Brief ▸
Restate the data below word for word, and let no image into your version.

Dataset content ▸

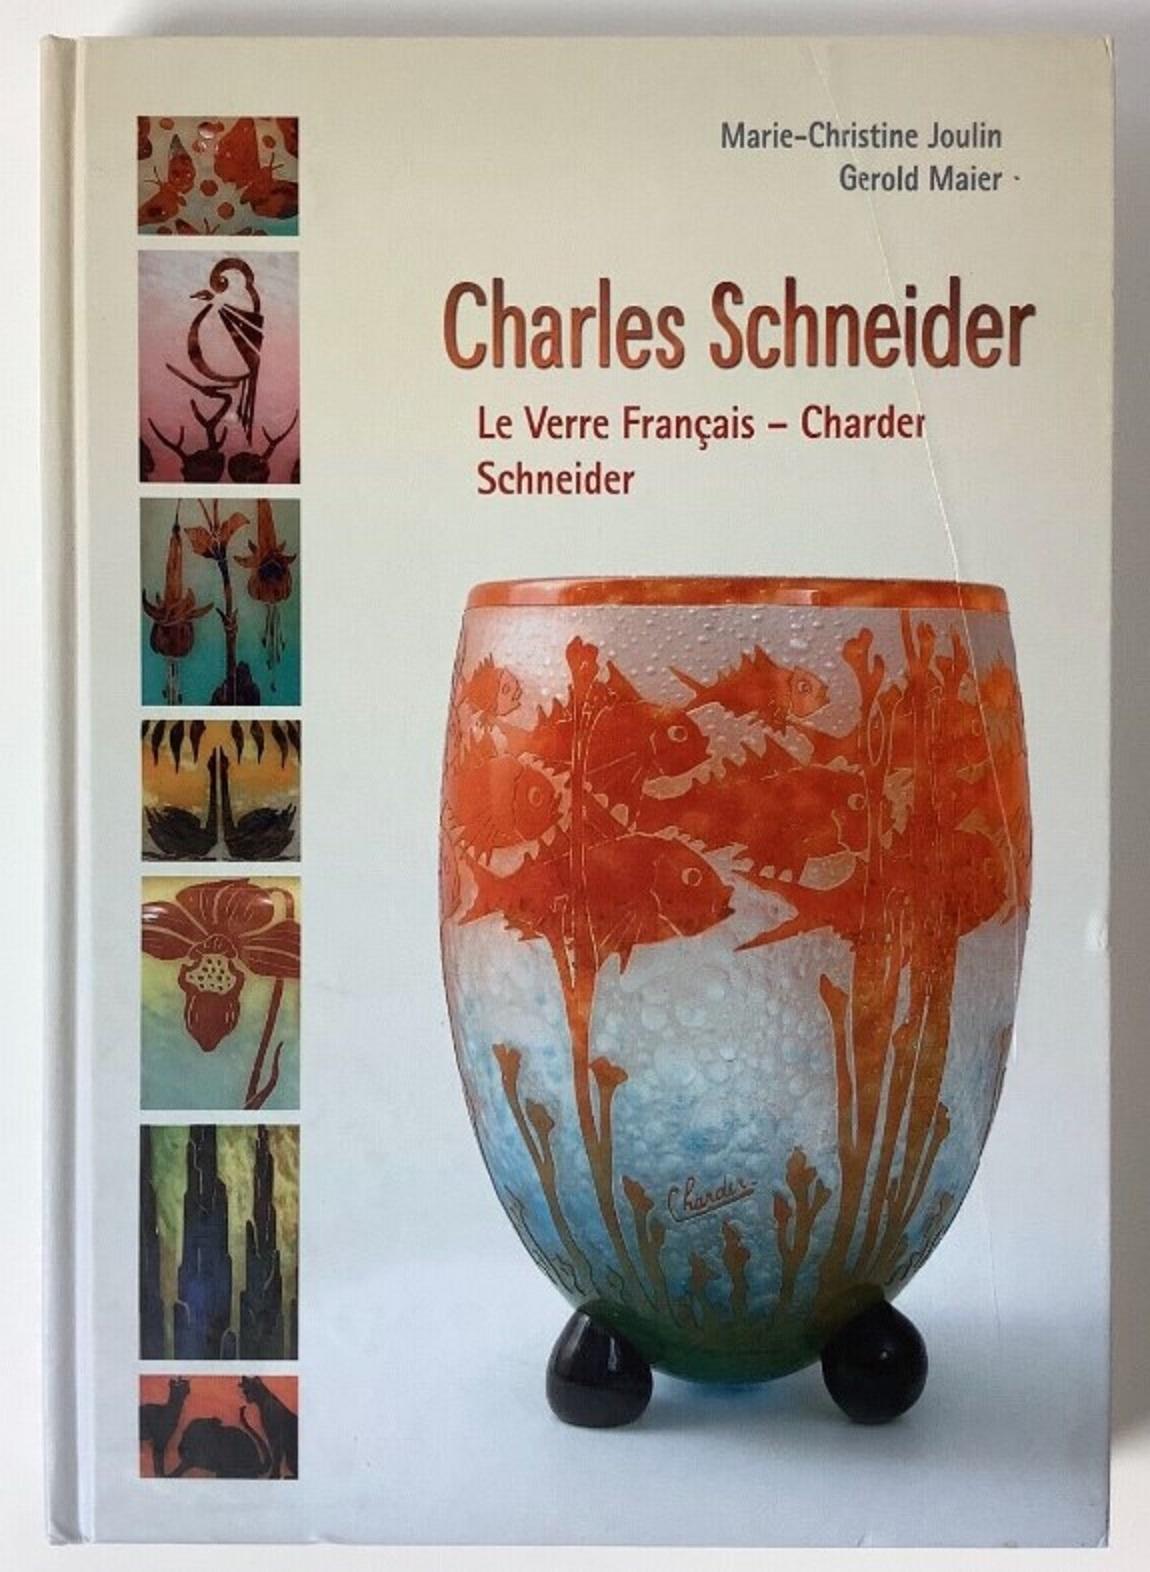 Monumental Vase Sign: Schneider ( Decoración Jade ) with applications
Schneider
Charles Schneider (1881-1953) studied art in two of most prestigious French school of the Arts. First in the School of Fine Arts in Nancy, then in the elite Ecole des

Exercise response ▸
 Monumental Vase Sign: Schneider ( Decoración Jade ) with applications
Schneider
Charles Schneider (1881-1953) studied art in two of most prestigious French school of the Arts. First in the School of Fine Arts in Nancy, then in the elite Ecole des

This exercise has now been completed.